Update 6.1.3 on CRAN, postdoc position, manuscript and upcoming workshops

Dear mixOmics users,

We have been quiet for a while, but we have some good news! A CRAN update, a manuscript in bioRxiv, a 3-year postdoc position open to be part of the mixOmics core team, and three workshops planned for the French autumn!

The 6.1.3 update is now on the CRAN, we fixed a few bugs (see list below), and we also have a new plotIndiv argument ‘background‘ to visualise the prediction area for a PLS-DA and sPLS-DA model (max 2 components). This is a powerful plot to visualise the effect of the different prediction methods. Why does a prediction method matters for the performance of the discriminant analysis models?

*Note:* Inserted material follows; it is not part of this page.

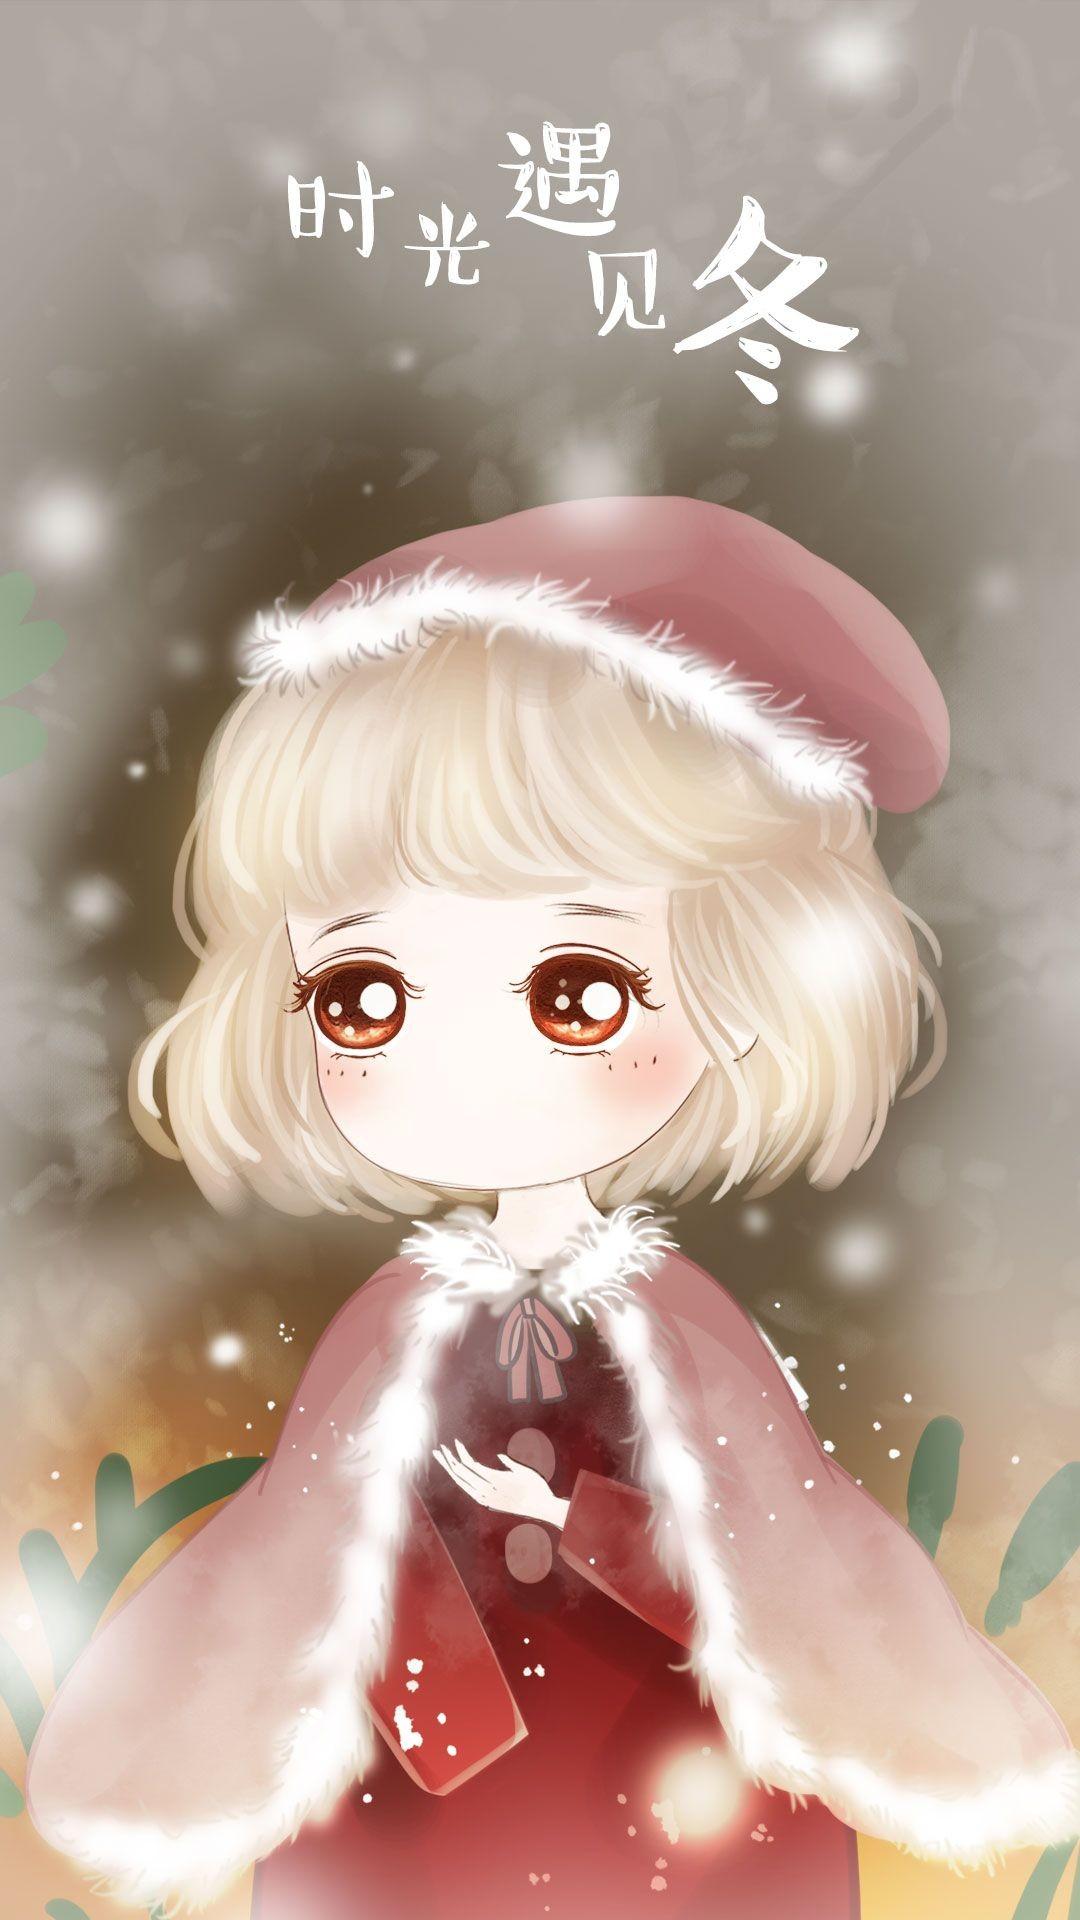 Res: 1080x1920, Kawaii Chibi, Anime Chibi, Galaxy Wallpaper, Panda, Christmas Cards,  Wallpapers, Tumblr Backgrounds, Drawings, Kawaii Drawings

See elements of information below.

Example of prediction area plot for the SRBCT data with a PLS-DA model, see ?srbct

All you need is the background.predict function, and overlay the results with plotIndiv. For example:

data(liver.toxicity)
X = liver.toxicity$gene
Y = as.factor(liver.toxicity$treatment[, 4])
plsda.liver = plsda(X, Y, ncomp = 2)

# calculating background for the two first components, and the mahalanobis distance
background = background.predict(plsda.liver, comp.predicted = 2, dist = "mahalanobis.dist")

plotIndiv(plsda.liver, background = background, legend = TRUE)

We also added the new functions get.confusion_matrix and get.BER to calculate a confusion matrix based on class prediction of test samples and their real class, and calculate their Balanced Error Rate, see ?get.BER. Example of outputs (for a DIABLO analysis on the breast cancer TCGA multi omics study):

Example from our DIABLO pipeline available at https://mixomics.org/wp-content/uploads/2012/03/mixOmicsRscripts.zip

 

We have submitted a new version of our mixOmics manuscript to bioRxiv! The manuscript is available at this link and has been a top tweeted story in #bioinformatics. The manuscript mostly summarises the latest mixOmics frameworks for Discriminant Analysis (sPLS-DA, DIABLO and MINT) with extensive R and Sweave codes here, give it a go! The supplemental thoroughly details these methods. It almost sounds like an end of a first mixOmics era as Florian, our very talented and dedicated core developer, debugger and developer of MINT has moved on for another postdoctoral position at the University of Queensland, and Kim-Anh is starting her new group as a Senior Lecturer position at the University of Melbourne (UoM), at the Centre for Systems Genomics. Do not fear, this means there will be a new round of developments, notably in the microbiome and metagenomics field, as we are opening a new 3-year senior postdoctoral position in Computational Biostatistics at UoM (with opportunity to teach at the School of Mathematics and Statistics). More details at this link.

Seventeen multivariate methods currently implemented in mixOmics! Can you recognise your favourite?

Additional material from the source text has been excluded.